VAR YA, ‘KAPTAN AMERİKA’ BENİM DAYIM!
‘Aşkın 500 Günü’ ve ‘İnanılmaz Örümcek Adam 1’ ve ‘2’nin yönetmeni olarak tanıdığımız Marc Webb imzalı film, eğlenceli sahnelerle dramatik anları dengeli bir çizgiyle önümüze koyarken zekâyla kalp arasında gidip gelen karakterlerinin hissiyatını da başarıyla yansıtmış.

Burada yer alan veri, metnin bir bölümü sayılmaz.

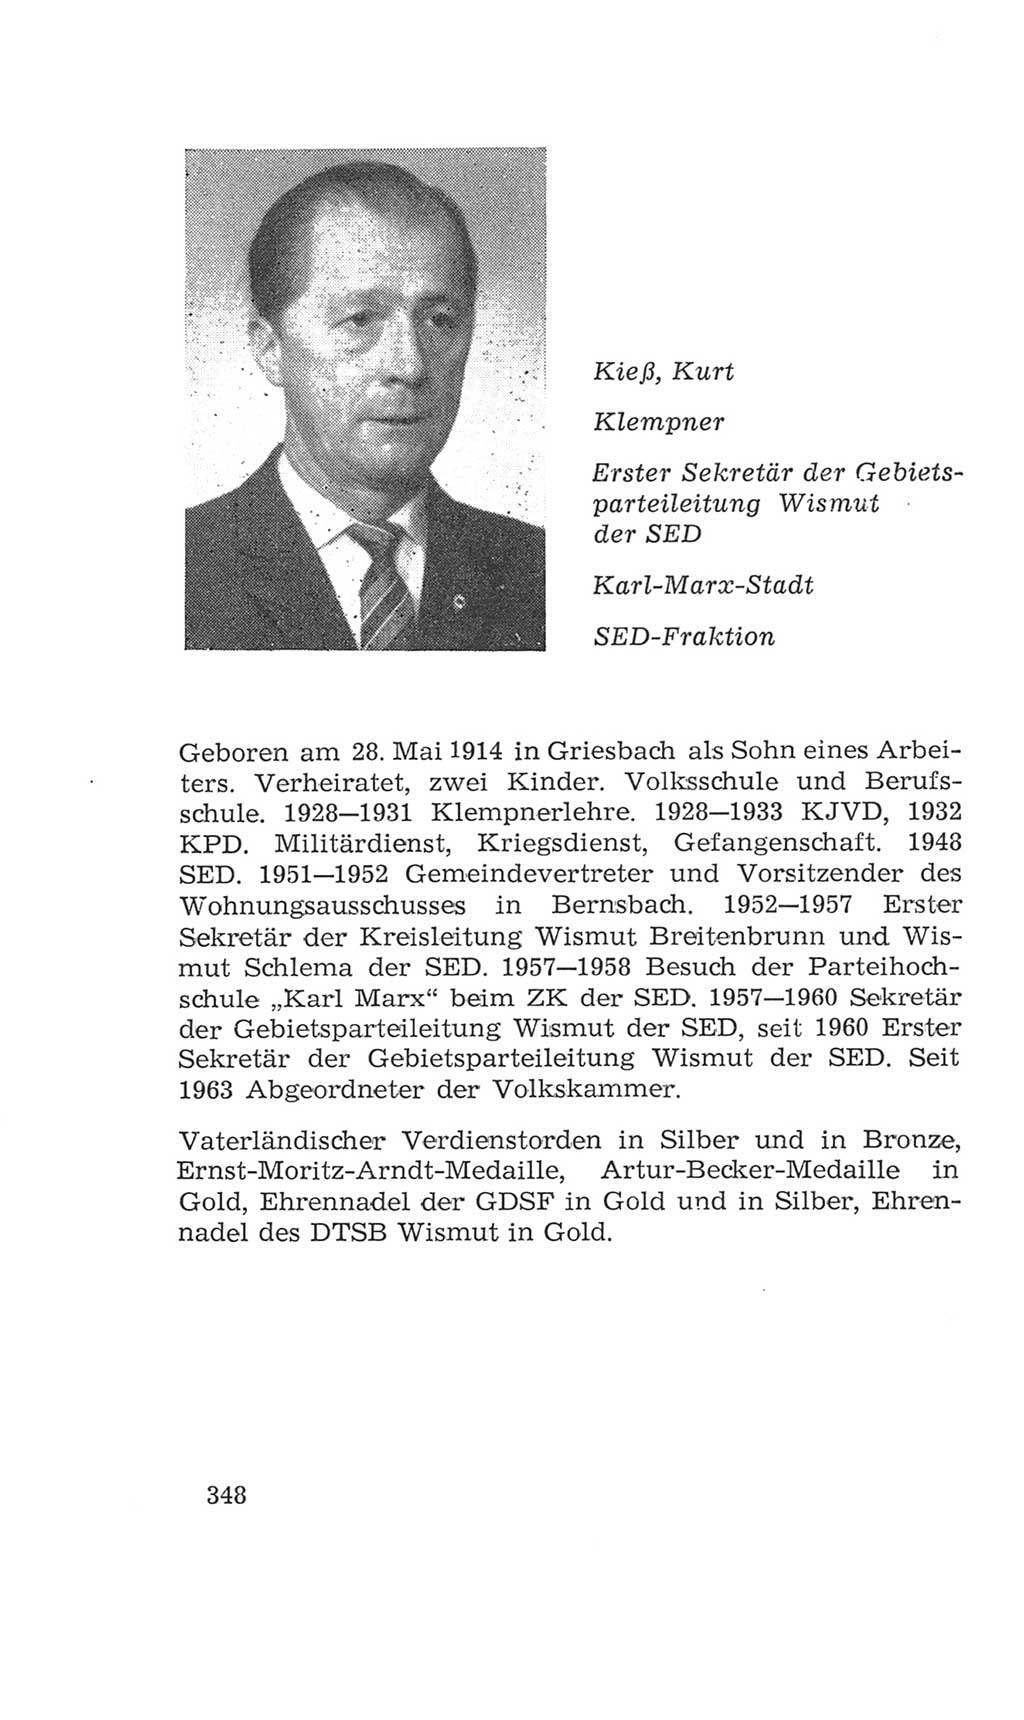 Volkskammer (VK) der Deutschen Demokratischen Republik (DDR), 4. Wahlperiode 1963-1967, Seite 348 (VK. DDR 4. WP. 1963-1967, S. 348)

Oyunculuklara gelince: Chris Evans (nam-ı diğer ‘Captain America’) dayı Frank’te gayet başarılı bir performans ortaya koyarken minik Mary’de Mckenna Grace adeta döktürüyor. Ben ayrıca kibirli ve çocuklarına dünyayı zindan eden anneanne Evelyn’de Lindsay Duncan’ı da beğendim. Bu arada ‘Gizli Sayılar’daki performansıyla ‘En İyi Yardımcı Kadın Oyuncu’da Oscar’a aday olan Octavia Spencer, yine bir ‘Matematik filmi’nde karşımıza geliyor.

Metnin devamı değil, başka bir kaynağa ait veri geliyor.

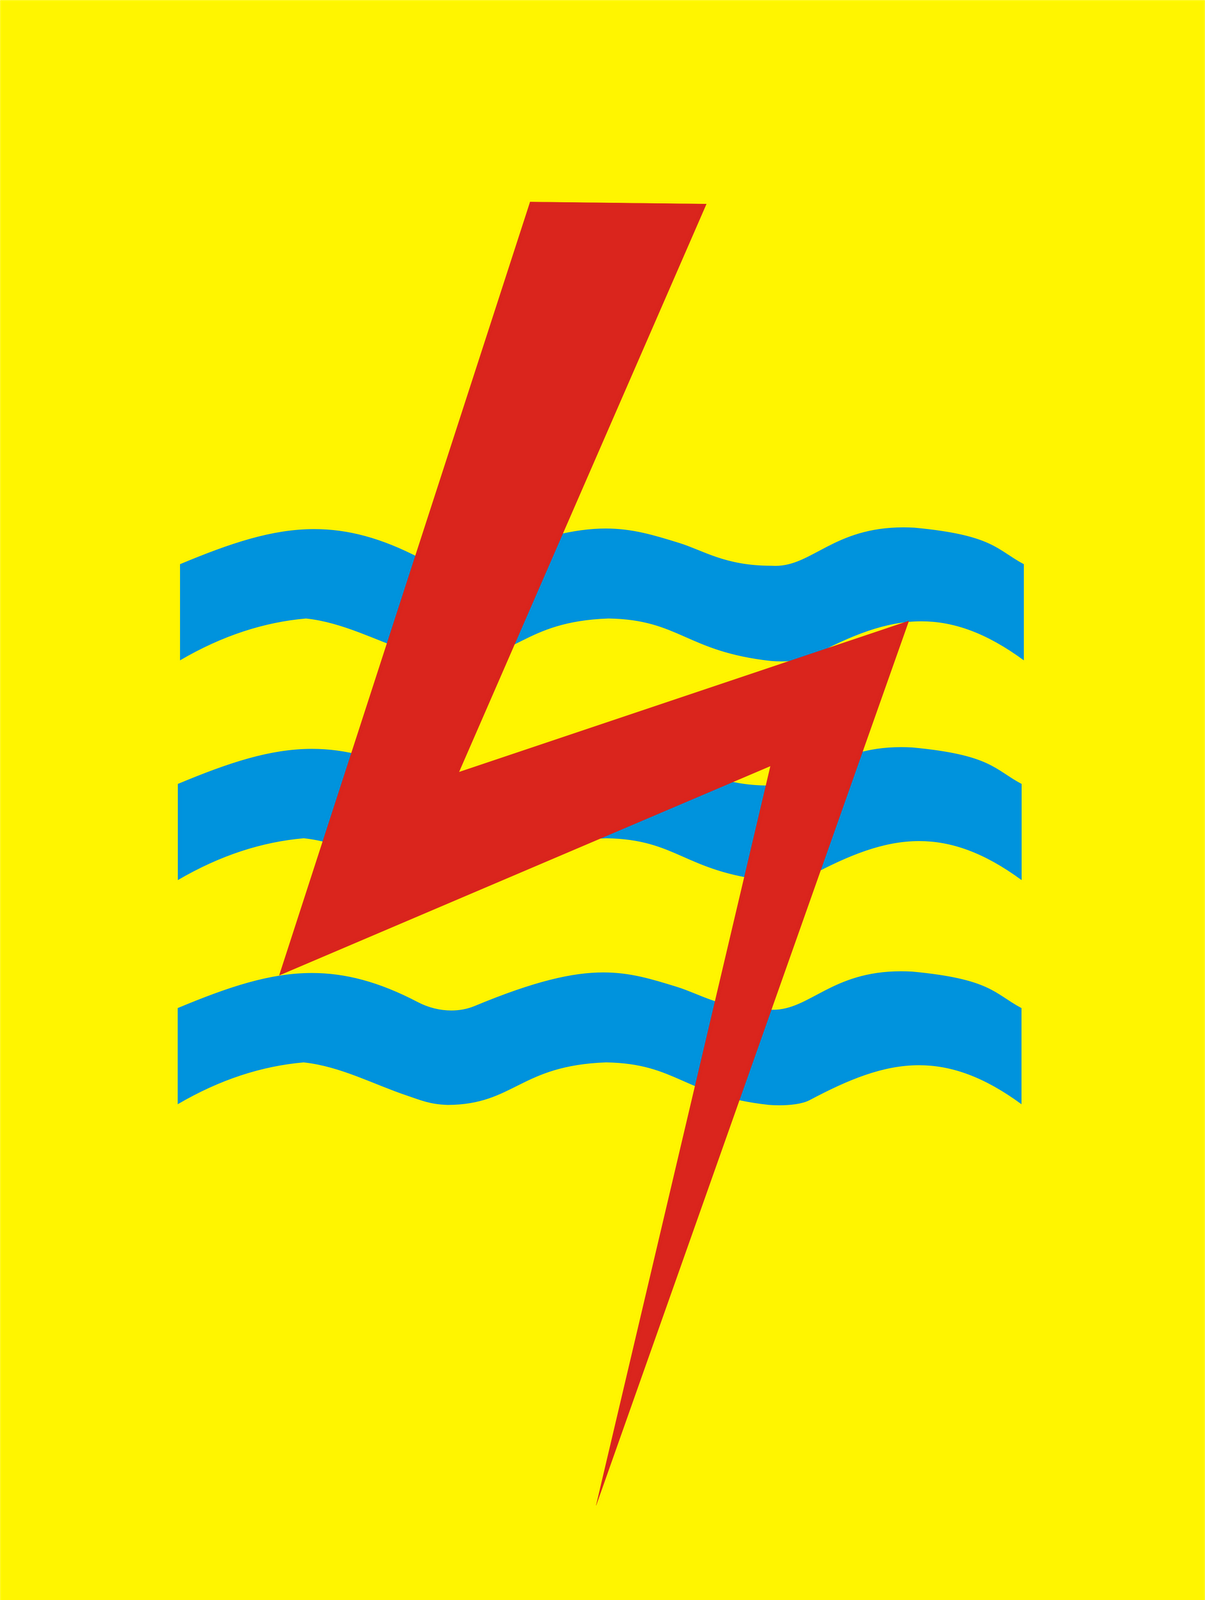 Logo Perusahaan Listrik Negara PLN Kumpulan Logo Lambang Indonesia

Sonuç? Neredeyse “Hayatın denklemleri, türev almaktan daha zordur” demeye getiren ‘Deha’, konusu ve oyunculuk performanslarıyla izlenmeyi hak eden bir film...
TOZ
Yönetmen: Gözde Kural
Oyuncular: Öykü Karayel, Beran Soysal, Muhammed Cangören, Abdul Qadir Farookh, Haji Gul Aser, Masud Ahmadi
Türkiye yapımı
Toz’un ana karakteri Azra rolünde izlediğimiz Öykü Karayel’in filmdeki bazı kadrajları, ünlü ‘Afgan Kızı’ fotoğrafını hatırlatıyor.
AFGAN ELLERİNDE KADIN OLMAK...
‘Toz’, Afgan kökenli annesinin ölümüyle birlikte geçmişin tozlu ve karanlık sayfalarında dolaşmaya karar veren mimar Azra’nın hikâyesini anlatıyor. Gözde Kural’ın ilk uzun metrajlı yönetmenlik çalışması olan yapım, Türkiye’de start alıyor ve çok geçmeden Afgan topraklarına taşınıyor. Film, ana karakteri üzerinden hafiften dedektiflik öyküsüne göz kırparken temelde içsavaş, sonrasındaki rejim ve rejimin baskısı karşısında suskunluk ve kadın olmak hallerine de vurgu yapıyor. Uzaktan uzağa Denis Villeneuve’nin ‘İçimdeki Yangın’ını (‘Incendies’) çağrıştıran ‘Toz’, ne yazık çok da inandırıcı olmayan senaryosunun kurbanı olmuş. Azra karakterinde izlediğimiz Öykü Karayel’in de, kırmızı şalı ve göz rengiyle kimi kadrajlarda ünlü ‘Afgan Kızı’ fotoğrafını hatırlattığını (ya da sadece bize hatırlattığını) not olarak düşelim.
‘Bilal: Özgürlüğün Sesi’
DİĞER SEÇENEKLER
‘Bilal: Özgürlüğün Sesi’ (‘Bilal: A New Breed of Hero’), haftanın tek animasyon seçeneği. Yönetmen Khurram H. Alam. ‘Katre: Hainler Daima İçimizde’, Atakan Şatıroğlu-Berkay Berkman ikilisinin imzasını taşıyor; oyuncular Berkay Berkman, Atakan Şatıroğlu ve Şüha Çağrıcı. Jee Woon Kim’in yönettiği ‘Karanlık Görev’in (‘Age of Shadows’) kadrosunda Byung Hun Lee, Yoo Gong, Kang Ho Song ve Ji Min Han gibi oyuncular yer alıyor. ‘Sinsiran: Yasak Aşk’ı Samet Çakırtaş yönetmiş, Şehmus Kartal, Pınar Güven, Bilge Bilge ve Yaşar Alptekin oynamış. ‘Yarının Adı Başka’nın oyuncu kadrosunda Fırat Tanış, Zelal Dede, Metin Keçeli ve Volkan Keskin gibi isimler yer alıyor, yönetmenler Moharram Zeinal Zadeh ve Mustafa Delazy.